Depending on what you're actually trying to do, you could be interested in using submodules, which are essentially a mechanism for placing repos inside of repos, so that you can have a meta-project repository which contains sub-project (embedded) repositories.

Jefromi
Jefromi, I understand the space considerations of branches, but I think you are clarifying my actual question - that a branch is a state of an entire repo. I'm going to have to look more into submodules
Peter M
@Peter M: There are a ton of questions here about submodules; hopefully you should be able to find what you need.
Jefromi
@Peter: Technically speaking, a "commit" is a state of an entire repo. A branch is a series of commits that diverges from another branch, having a common parent at one point in the repository's commit history.
Santa
@Santa: Technically, a branch is merely a pointer to a commit, as I said in my answer. It may or may not have diverged from another branch.
Jefromi
+1  A: 

Subversion being centralized, you can organize your projects within one repo as you want. Since branchbes are emulated as directory with SVN, you end up mixing:

  • history isolation (which is the main purpose of a branch: you isolate the versions of a set of files from other versions from the same set of files)
  • "component" isolation (a component or module being a group of files each in their own directory)

But with a DVCS, each repository is its own component (or module).
I.e. you don't want to put all your projects within one repo.
Rather you are using submodules (Git) or subrepos (Hg).

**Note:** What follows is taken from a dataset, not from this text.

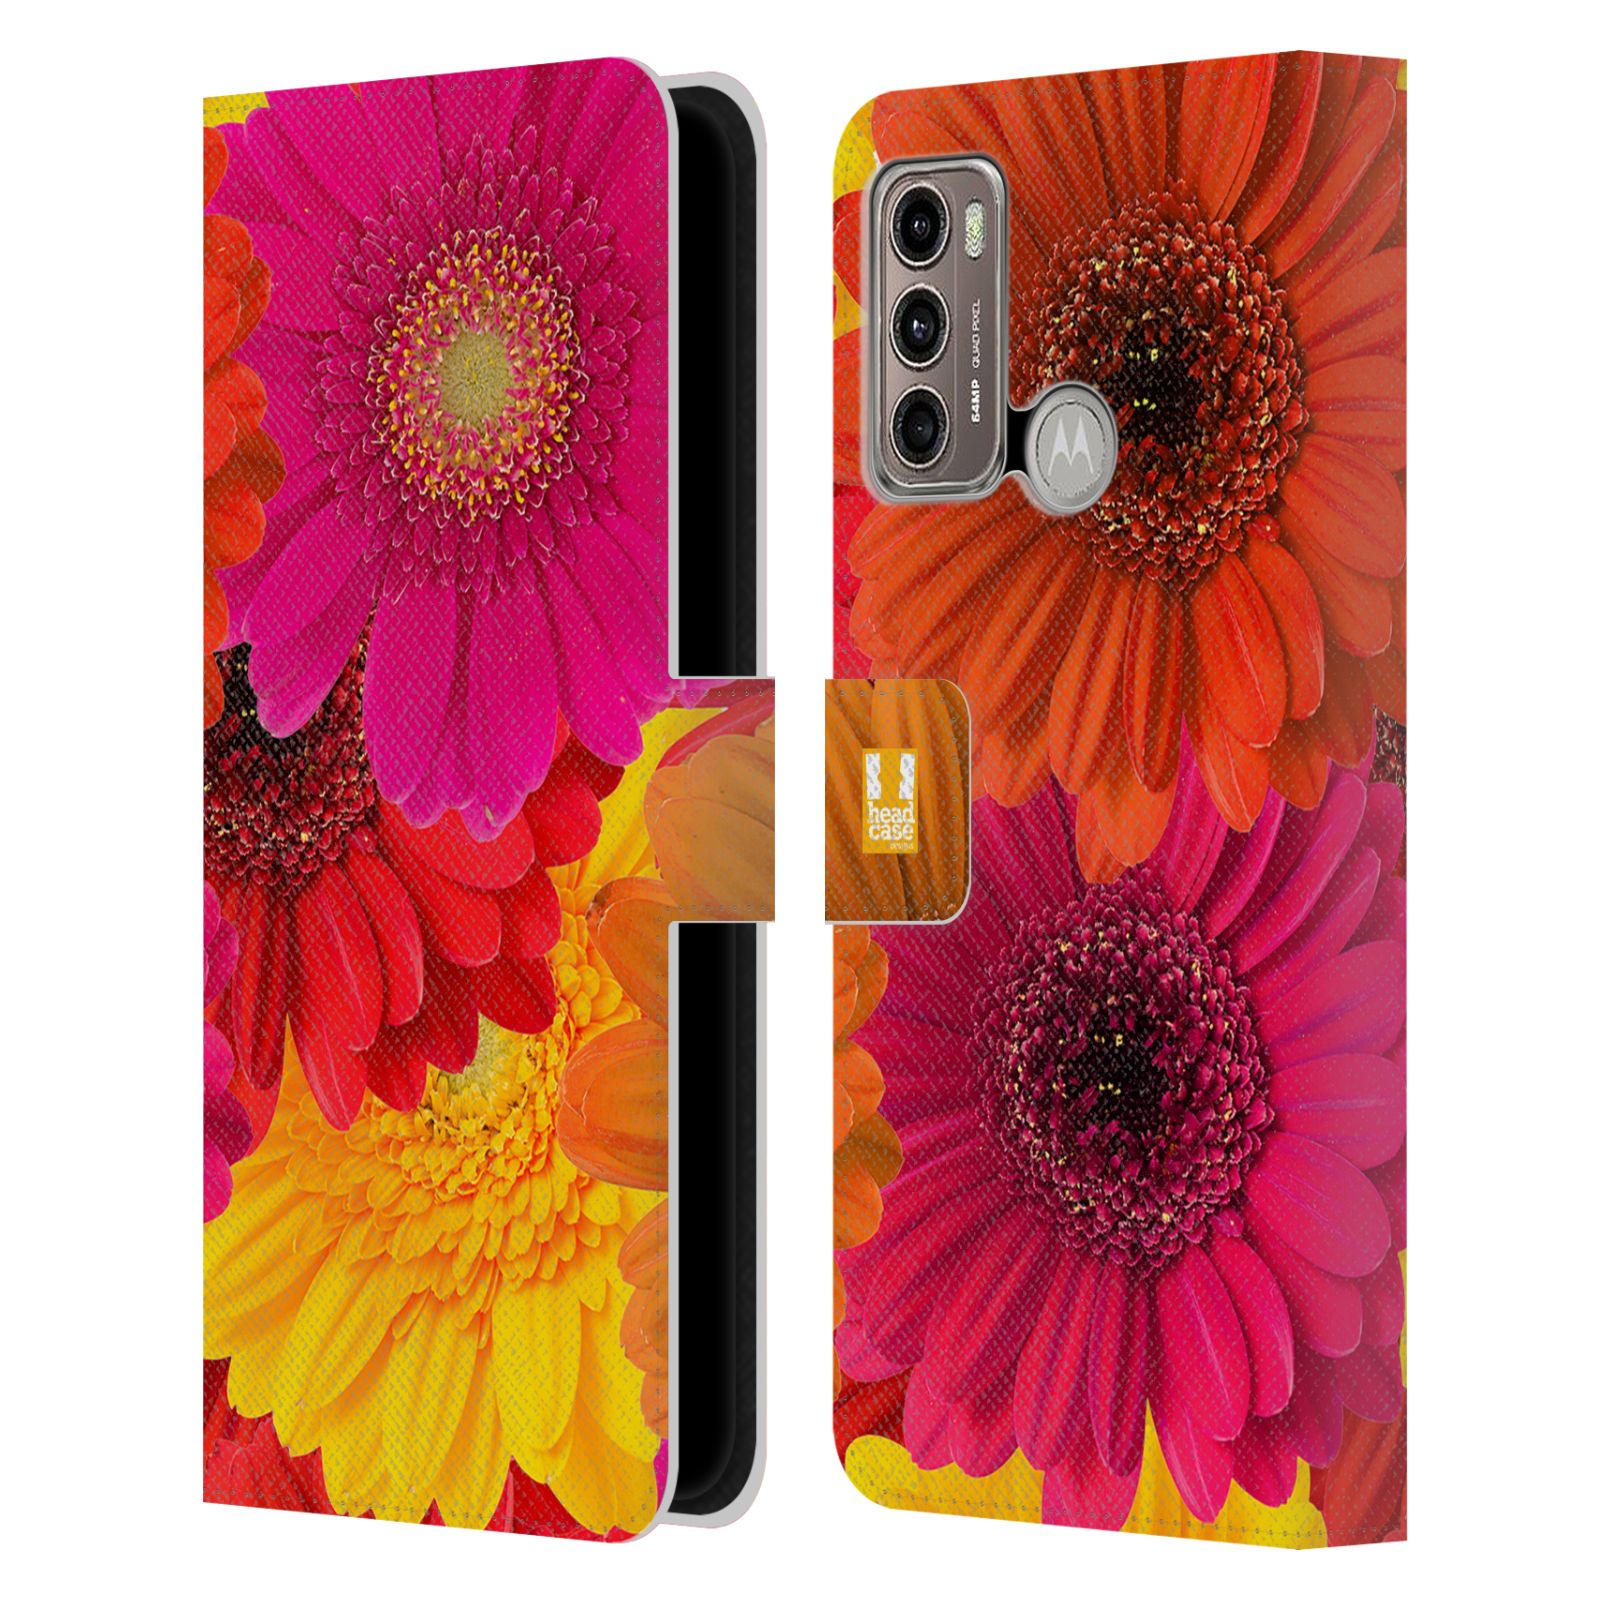 Pouzdro HEAD CASE na mobil Motorola Moto G60 květy foto fialová, oranžová GERBERA
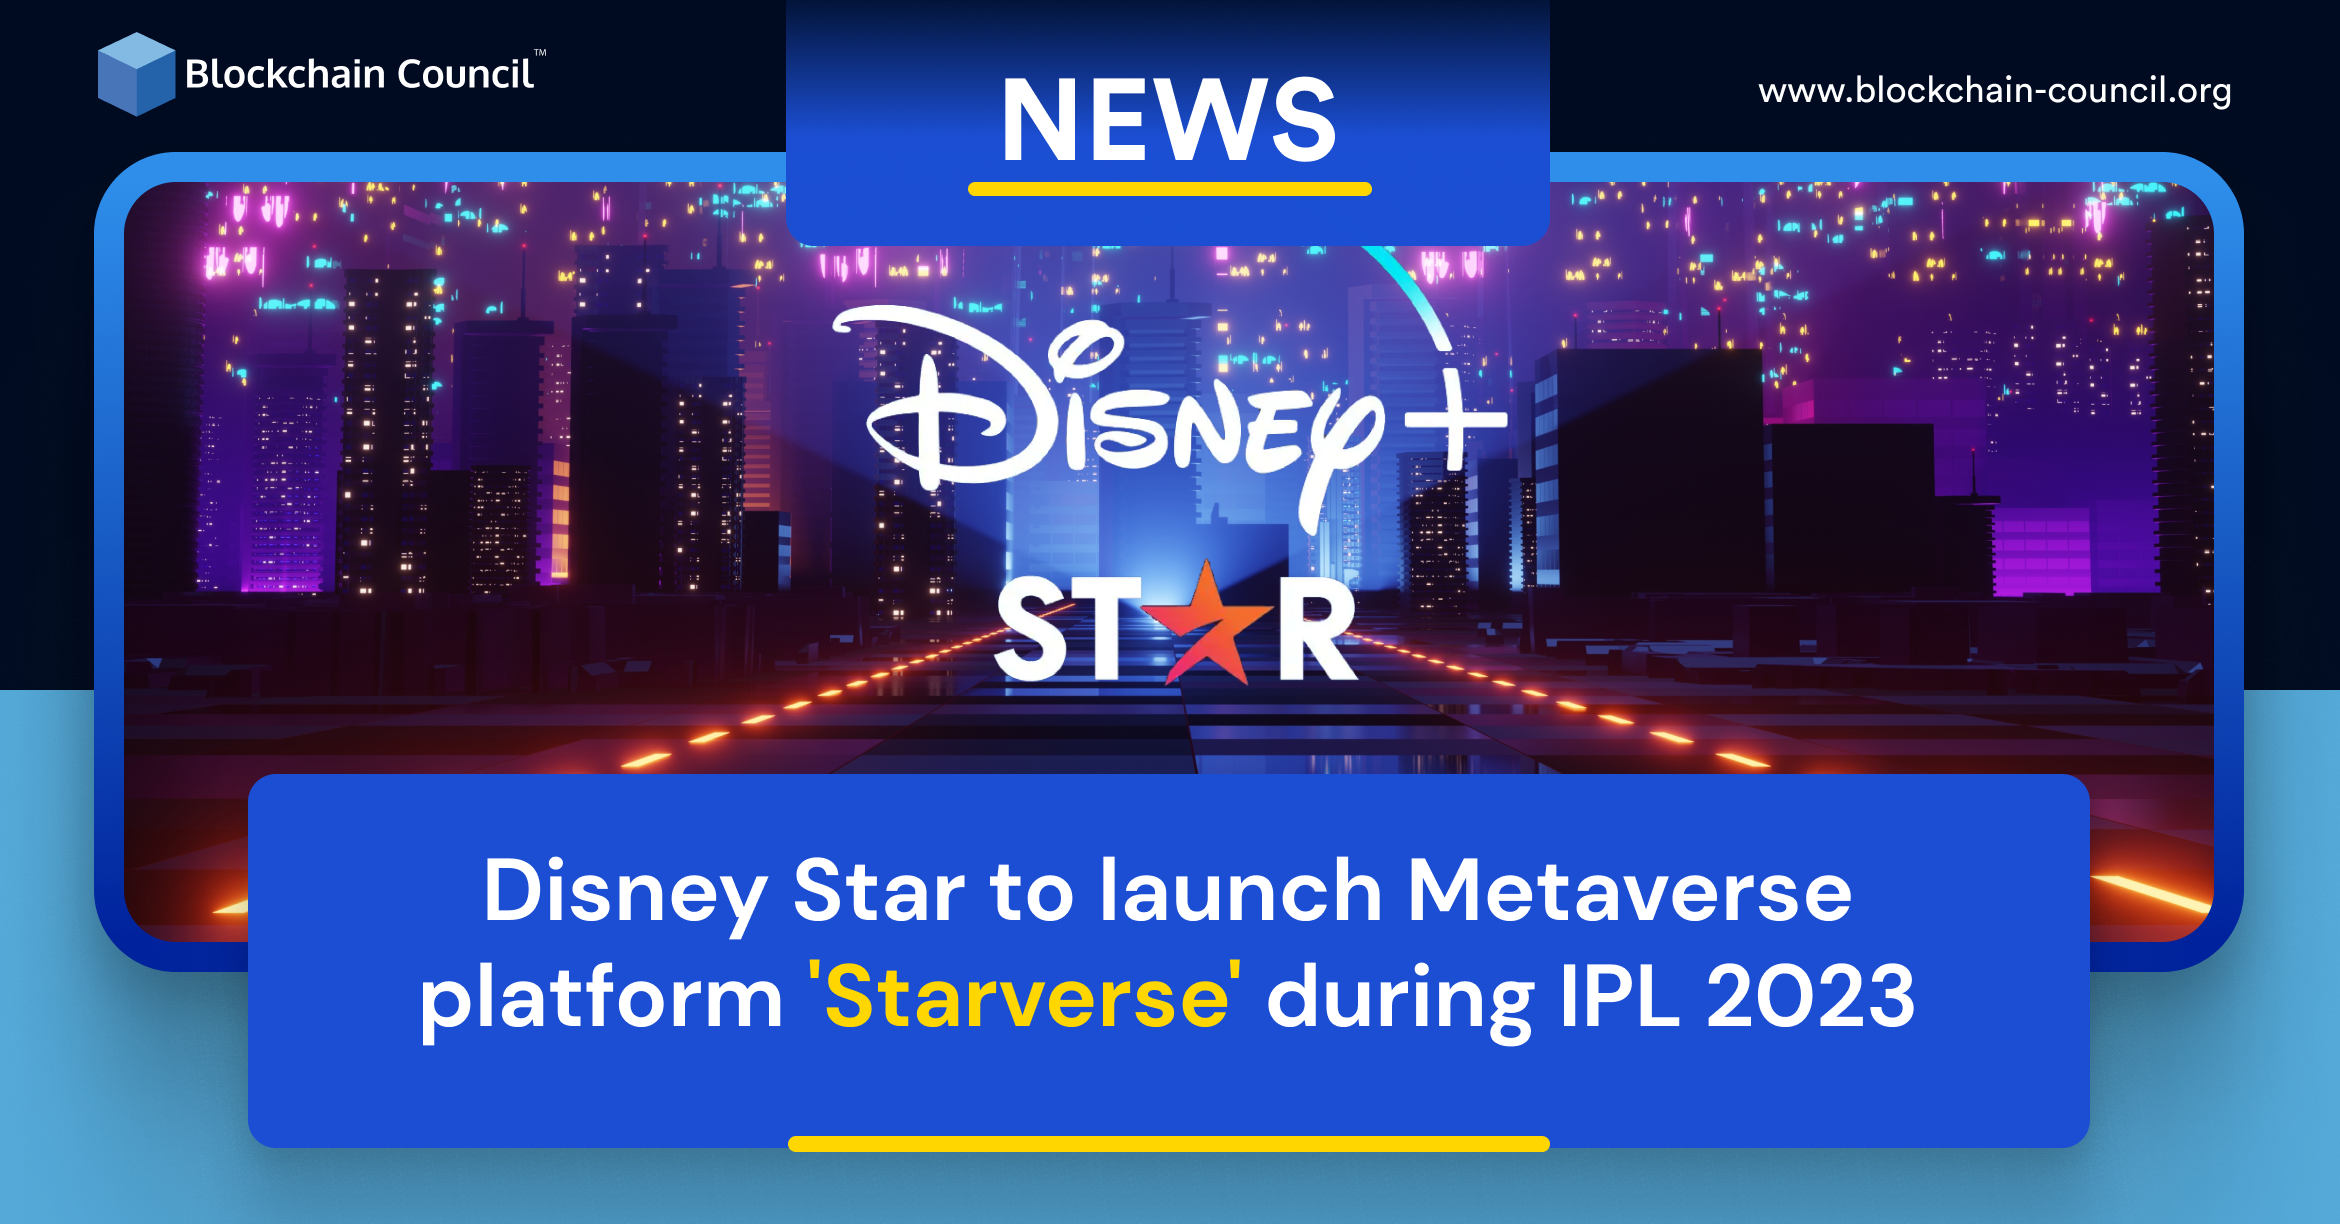 Disney Star to launch Metaverse platform 'Starverse' during IPL 2023

That leaves you with the branch as a pure history isolation:
Whe you branch, the history of the all repo creates a new branch ready to record (reference) any new commit you will make.
The is no "cheap copy", just a new pointer made.
Note: Mercurial has a more complex branching model which can involve cloning a repo to create a new branch, but the general principle behind branching stands.

VonC
VonC - I am now beginning to understand that the DVCS is pitched at the module level. But this has implications that I am not happy with as per my question on SU. I effectively have 100-200 separate modules and I can see issues with maintaining that many DVCS repos unless I go down a very structured path in order to ensure a consistent level of maintenance quality.
Peter M
@Peter: There is no actual issue (beside initializing those 200 repos). You can develop your submodules directly within *one* main project: http://stackoverflow.com/questions/1979167/git-submodule-update/1979194#1979194. Note: each branch you will create within each of those submodules will be valid only within that submodule.
VonC
VonC - it is the mechanism of initializing those repos that concerns me and I don't have any DVCS experience to know if my fears are unfounded. It seems like I have to repeat a manual task N times over or spend effort describing and building the ultimate automated system that will build N sub-projects as desired
Peter M
@Peter As illustrated in https://git.wiki.kernel.org/index.php/GitSubmoduleTutorial, the process is painlepss and very quick. 200 `git init`, and in the main project, 200 `git submodule add`. A simple loop is all you need.
VonC
@VonC - making 200 repos is not hard. What is hard is making 200 repos in a arbitrary hierarchical structure. See my SU question for what I am attempting to implement http://superuser.com/questions/144503/choice-and-setup-of-version-control And note that what I have described there is an idealised structure. In the real world it is not so uniform.
Peter M
@Peter: What makes you think it is hard to make those 200 repos in an arbitrary hierarchical structure? In fact, it is in a CVCS where you'd have to think about this when laying out your directory structure inside one giant master repo (which is ugly, IMO). Each project, being its own repo, as in a DVCS, is more suited to the "chaos".
Santa
@Peter: You may find Google's 'repo' tool worth taking a look at: they developed it to help with this situation. Unfortunately, most of the documentation is android-specific: http://source.android.com/source/git-repo.html
Andrew Aylett